• [Goal of the exercise]
Print the records below exactly. Omit every picture.

• [Provided records]

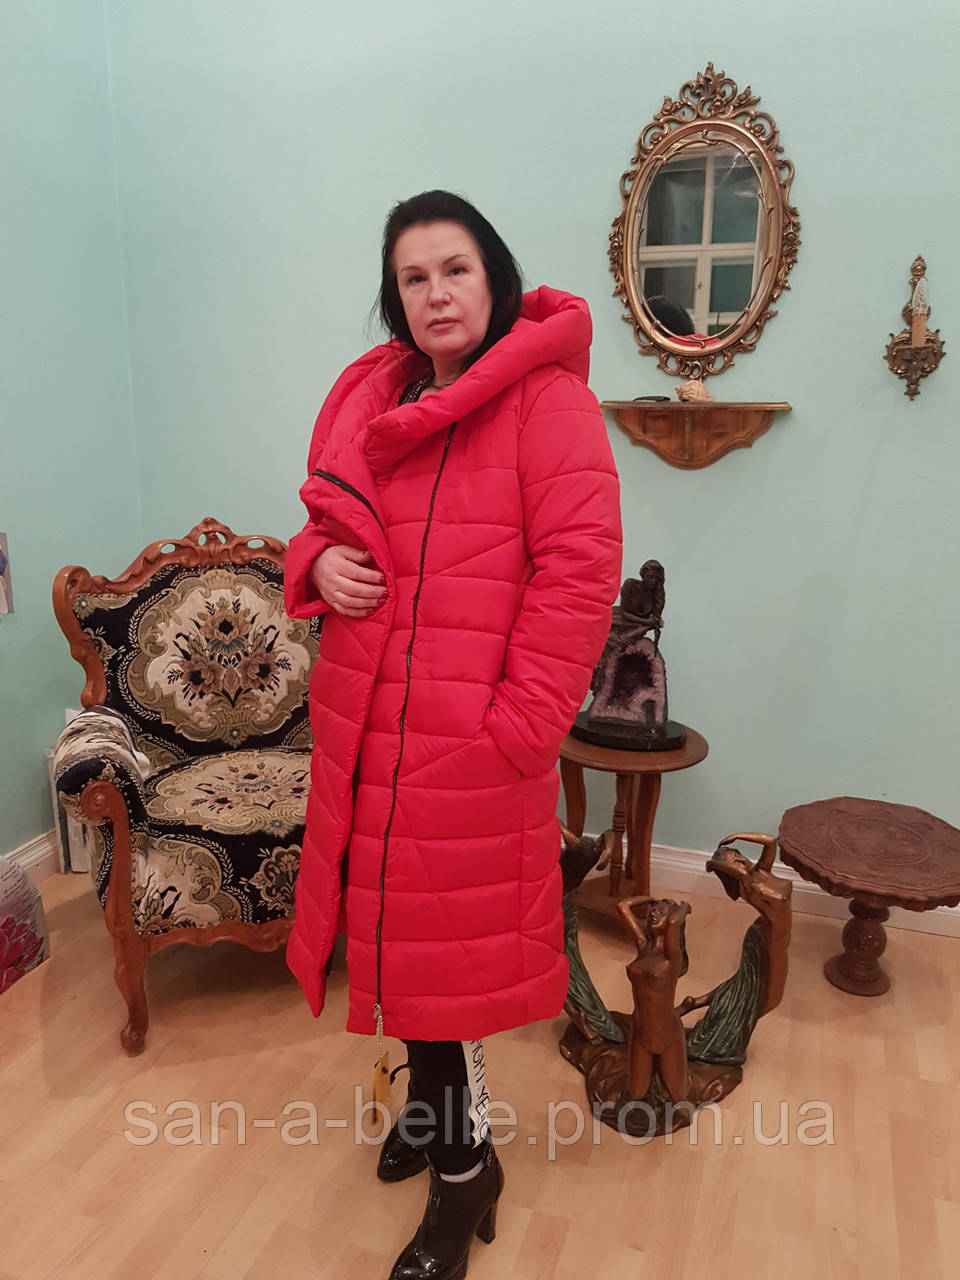 Жіноча зимова куртка Пуховик Ковдра, розміри від 46 до 72
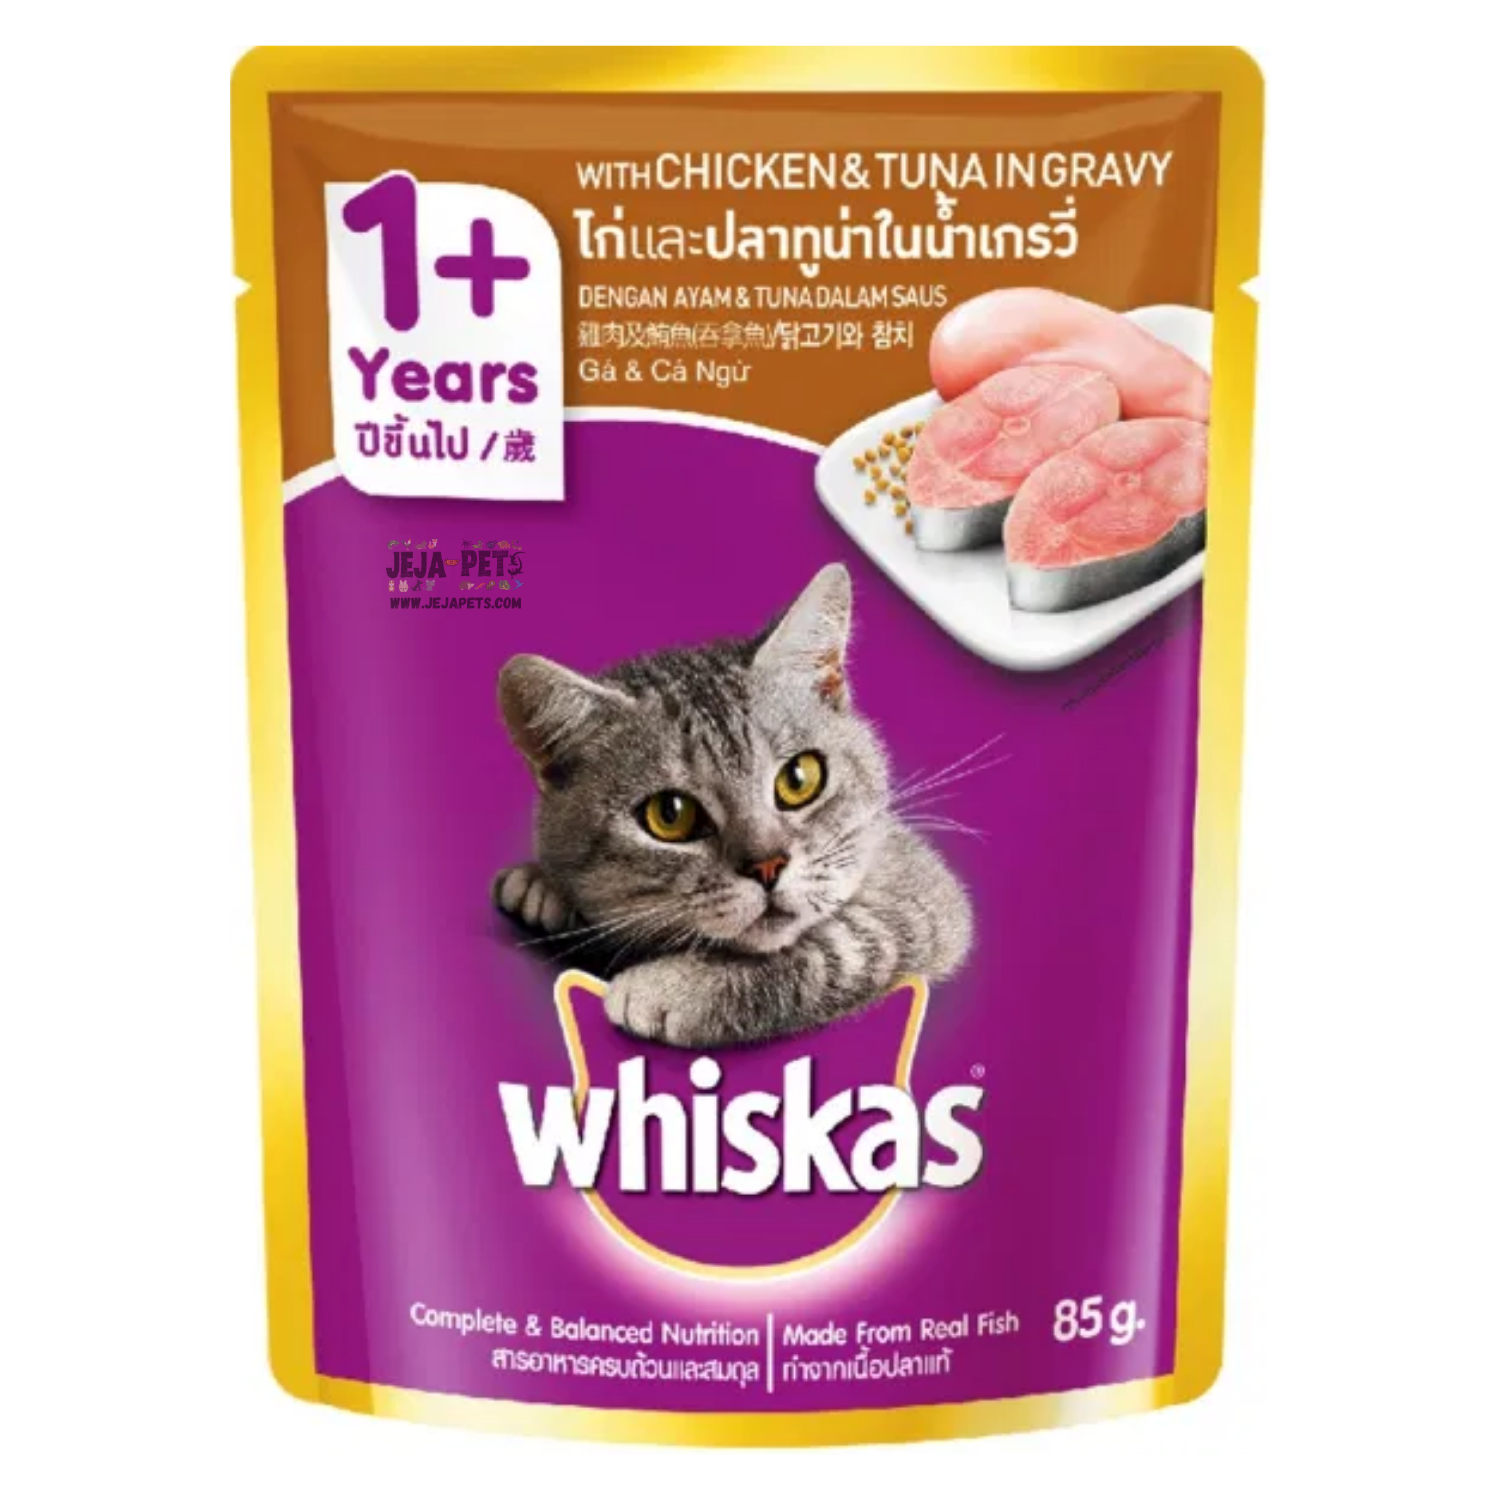 [DISCONTINUED] Whiskas Pouch Chicken & Tuna In Gravy Cat Wet Food - 80g
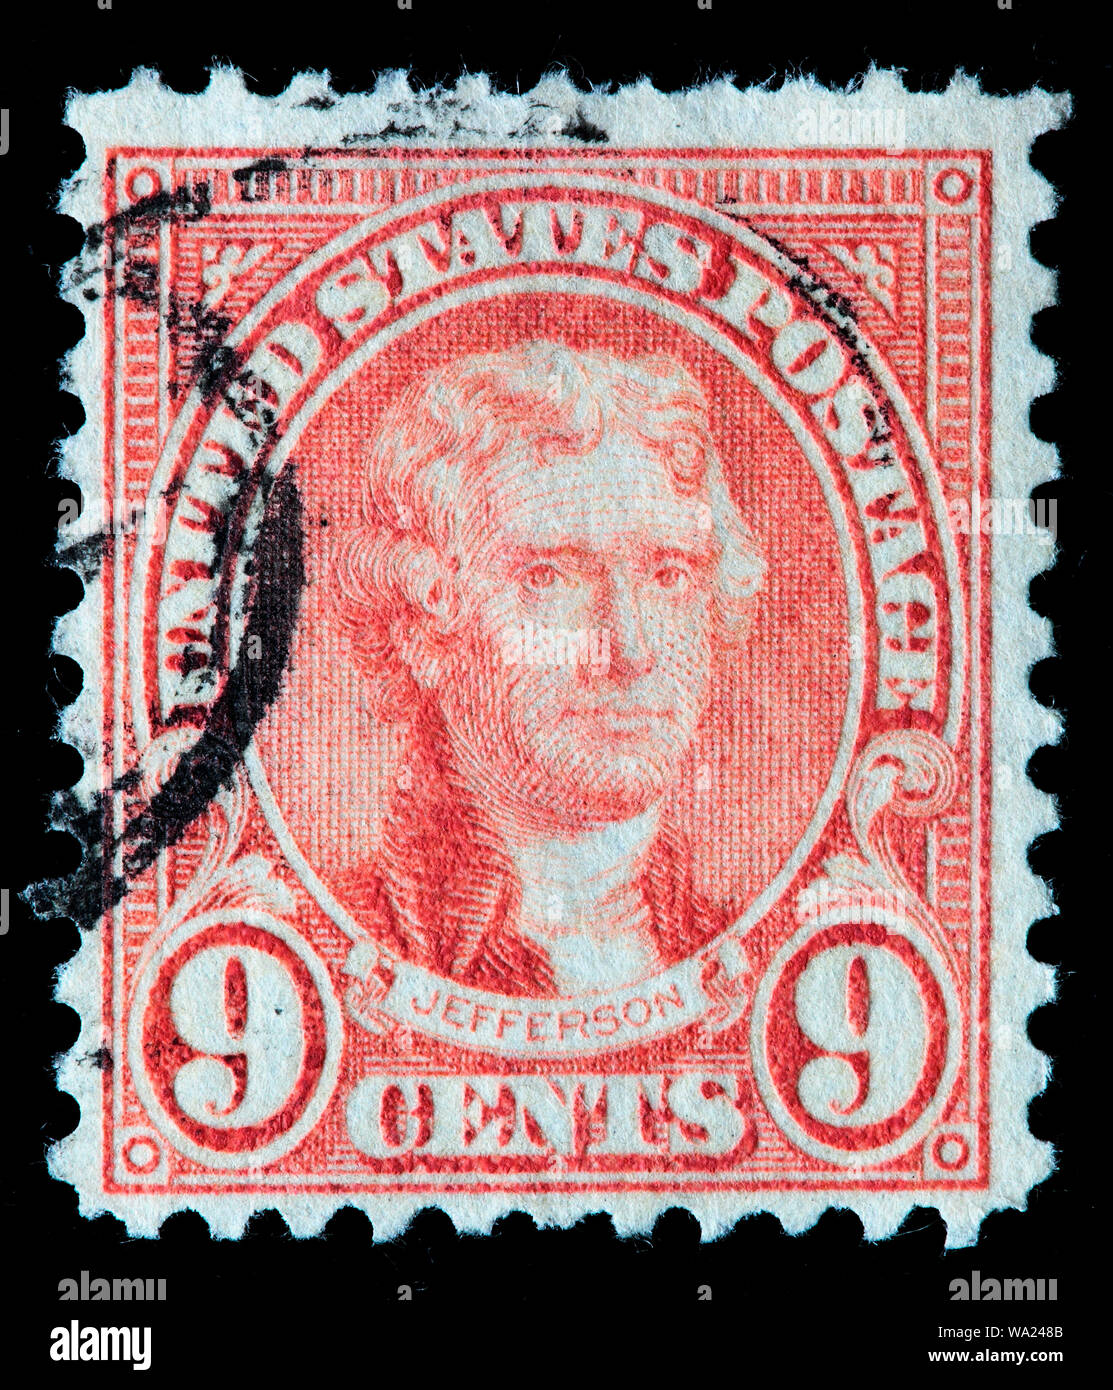 Thomas Jefferson (1743-1826), President of USA, postage stamp, USA, 1923 Stock Photo
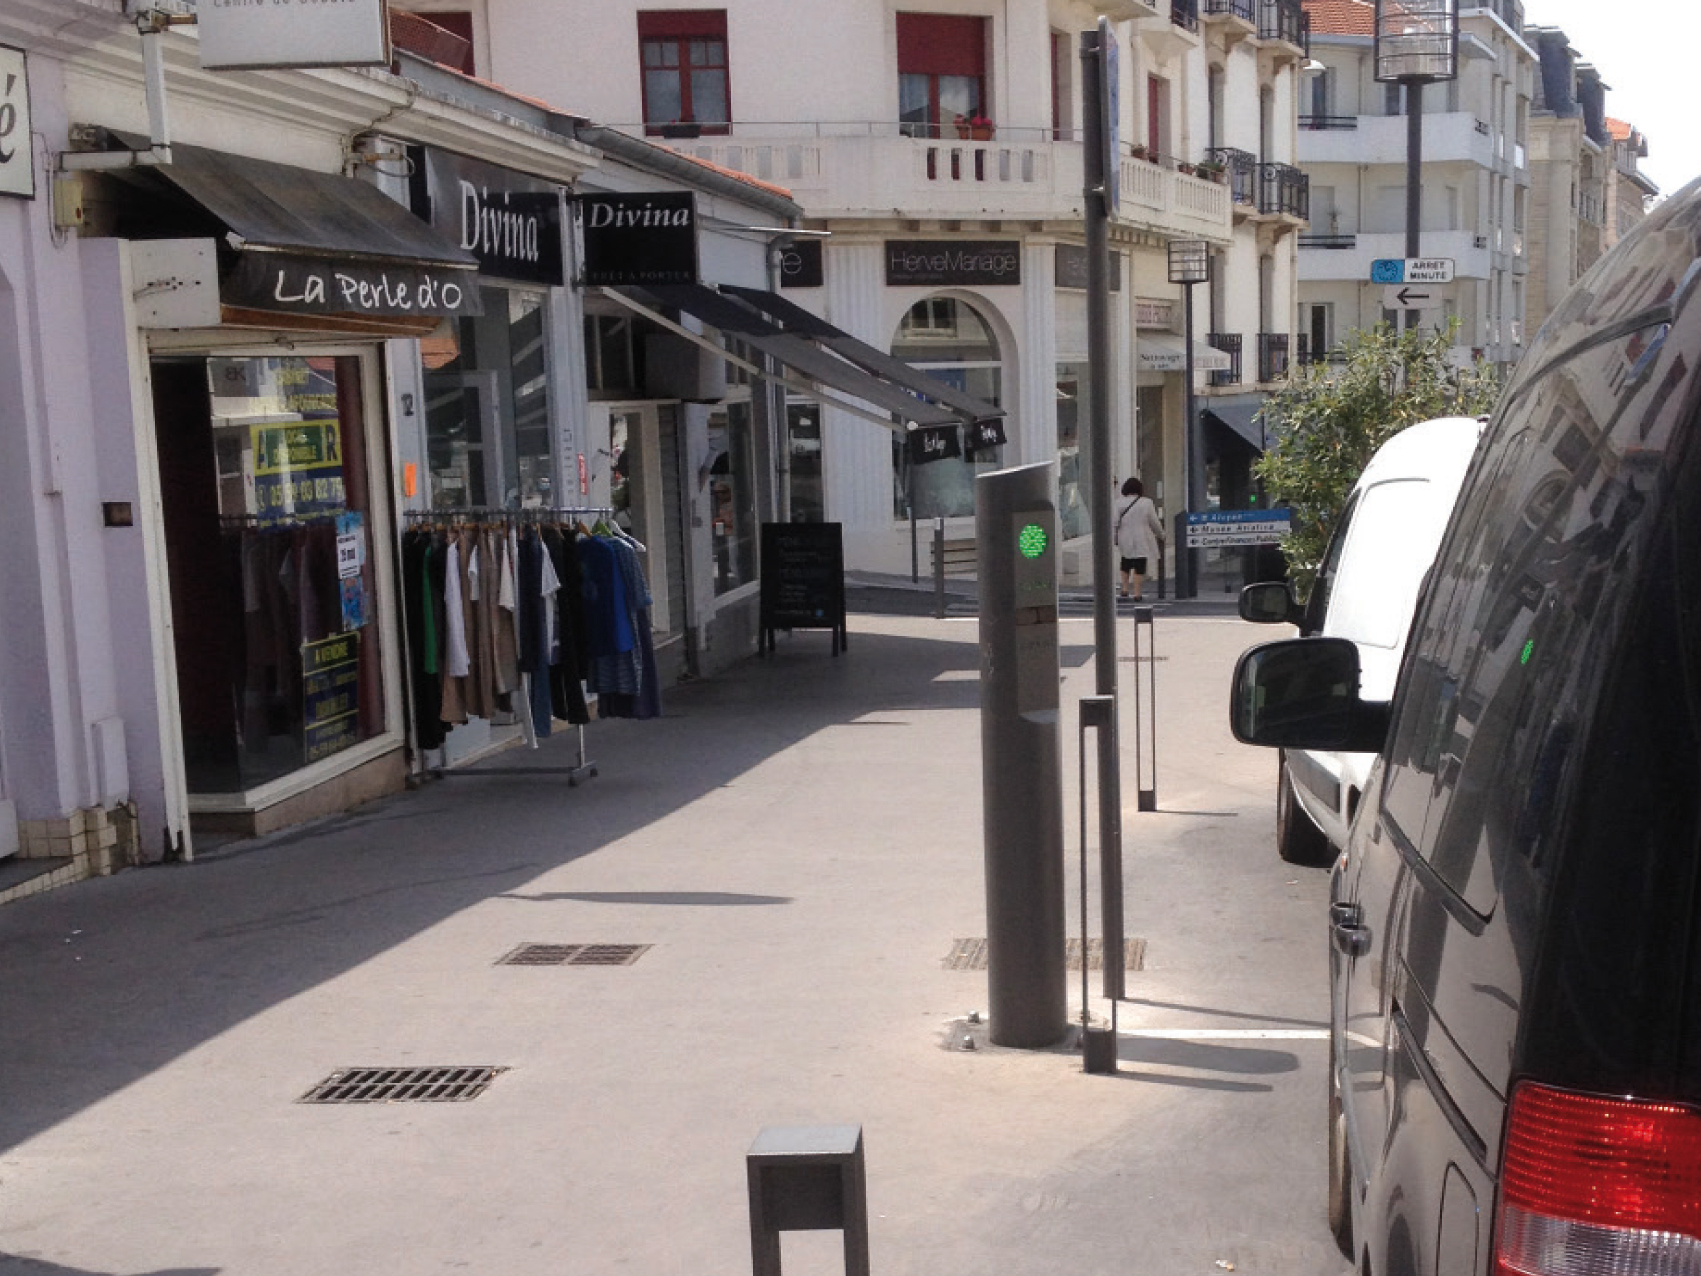 Borne stationnement dans la ville de Biarritz
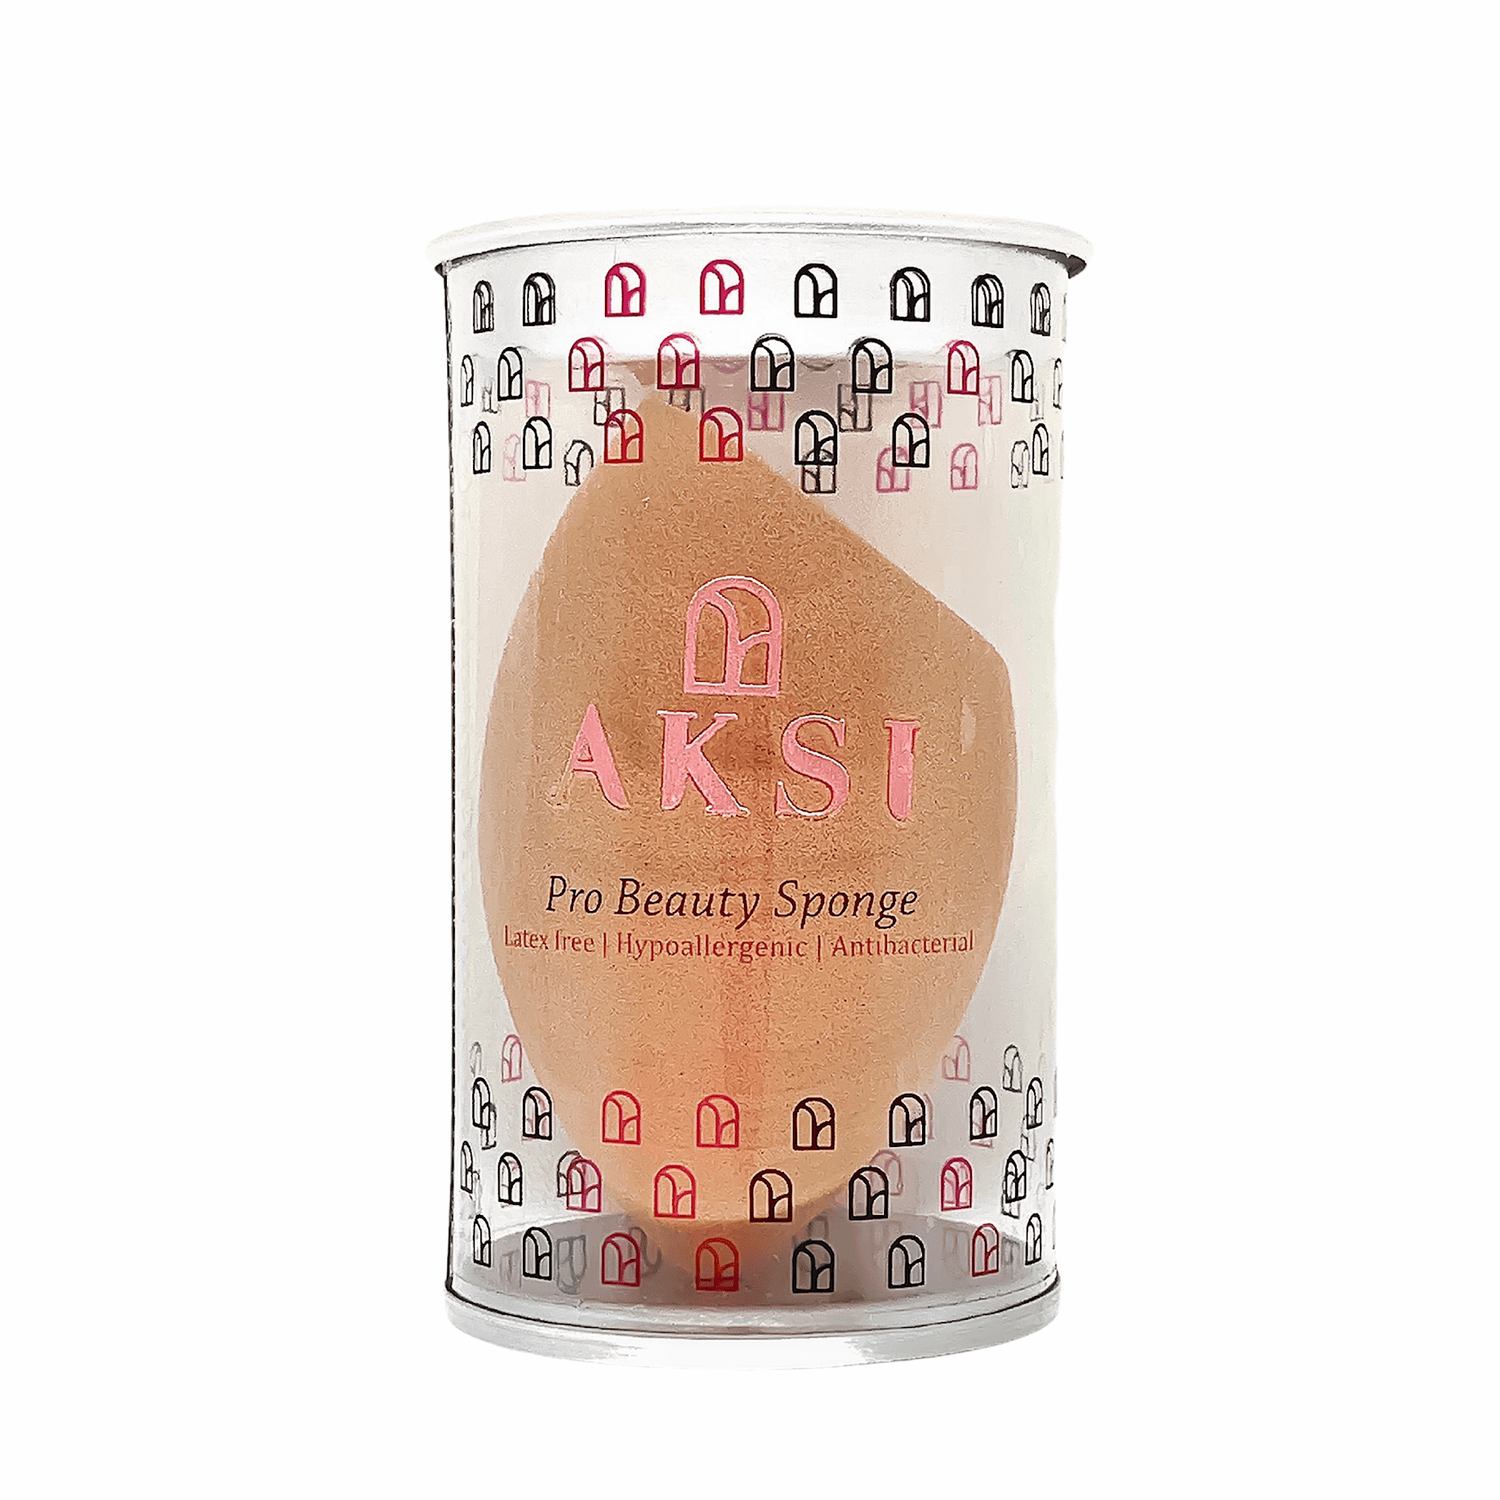 Pro Beauty Sponge (Coffee bean) - AKSI Beauty

• [Finished exercise]
 Жіноча зимова куртка Пуховик Ковдра, розміри від 46 до 72
 [DISCONTINUED] Whiskas Pouch Chicken & Tuna In Gravy Cat Wet Food - 80g
 Thomas Jefferson (1743-1826), President of USA, postage stamp, USA, 1923 Stock Photo
 Borne stationnement dans la ville de Biarritz
 Pro Beauty Sponge (Coffee bean) - AKSI Beauty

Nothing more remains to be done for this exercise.